Кроме того, одно из недавних исследований выявило половую дифференциацию последствий сексуального насилия в детстве. В частности, было обнаружено, что вероятность возникновения сексуальных дисфункций у мужчин, перенесших в детстве насилие, ниже, чем у женщин (Sarwer et al., 1997). Однако было проведено и другое исследование. В нем выборку составили 1500 молодых людей в возрасте от 12 до 19 лет, половина из которых подверглась насилию в детстве. Это исследование показало, что мужчины, ставшие жертвами сексуального насилия, испытывают значительно более серьезные эмоциональные и поведенческие проблемы, чем женщины, оказавшиеся в такой же ситуации (Garnefski & Diekstra, 1997). Среди мальчиков, подвергшихся насилию в детстве, 65 % (по сравнению с 38 % девушек) сообщили о наличии проблем в самых разных сферах жизни. Некоторые половые различия, также упомянутые в этом исследовании, мы приводим в следующих категориях:

1. Склонность к суициду (суицидальные мысли или попытки) в 5 раз чаще наблюдается у женщин, ставших жертвами сексуального насилия в детстве, чем у тех, кто никогда не подвергался насилию, и почти в 11 раз чаще у мужчин, переживших насилие в детстве, чем у их благополучных сверстников.

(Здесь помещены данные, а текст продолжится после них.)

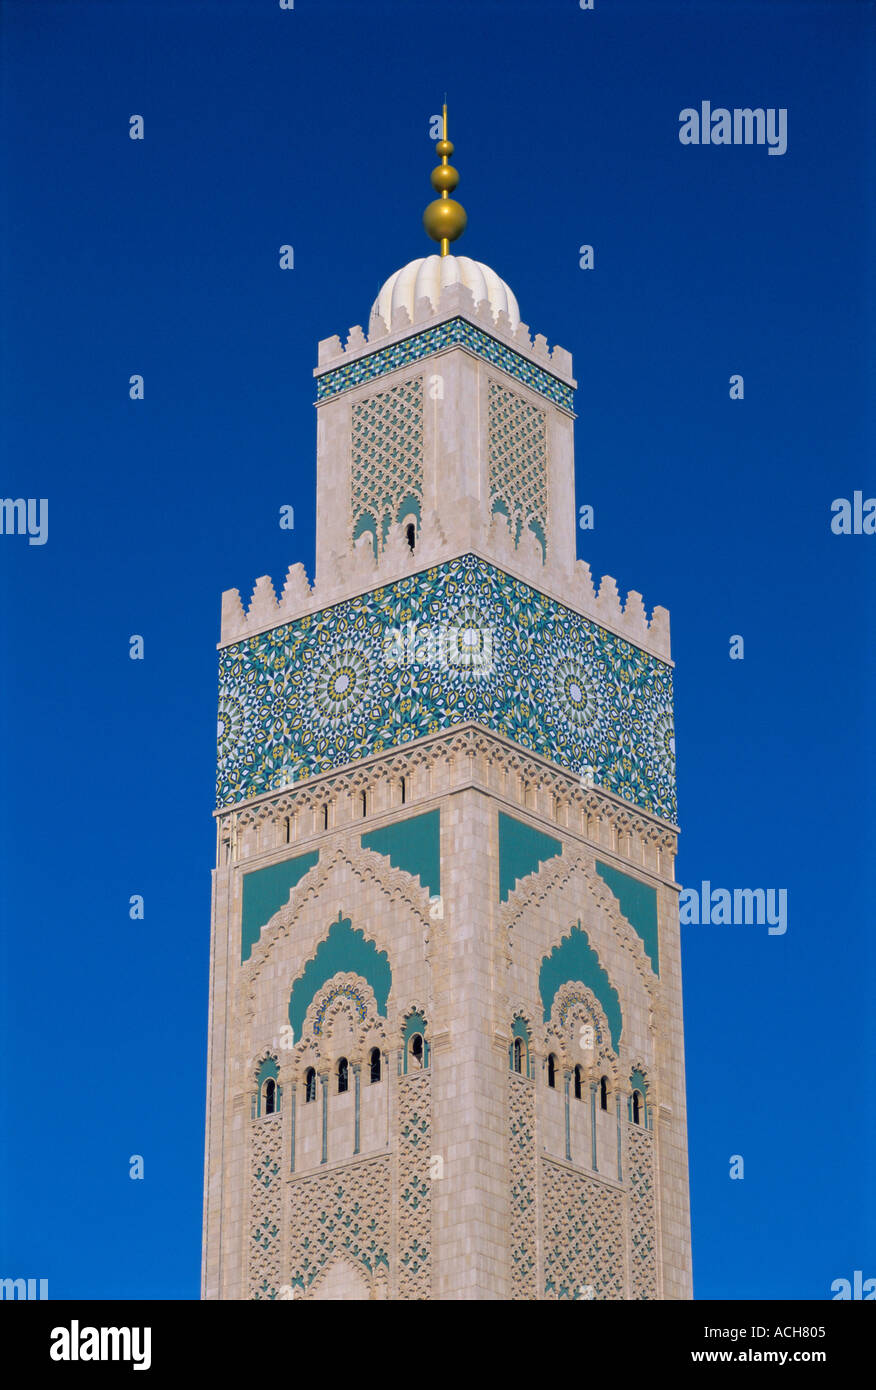 Minaret de la Mosquée Hassan II Casablanca Maroc Afrique du Nord Afrique Banque D'Images

2. Эмоциональные проблемы, в 2,5 раза чаще встречающиеся у женщин, в детстве подвергшихся насилию, по сравнению с остальными, наблюдаются у мужчин-жертв насилия в 6 раз чаще, чем у других представителей сильного пола.

3. Агрессивное/противоправное поведение и поведение, создающее риск формирования зависимости, среди жертв насилия в детском возрасте намного чаще наблюдается у мужчин, чем у женщин.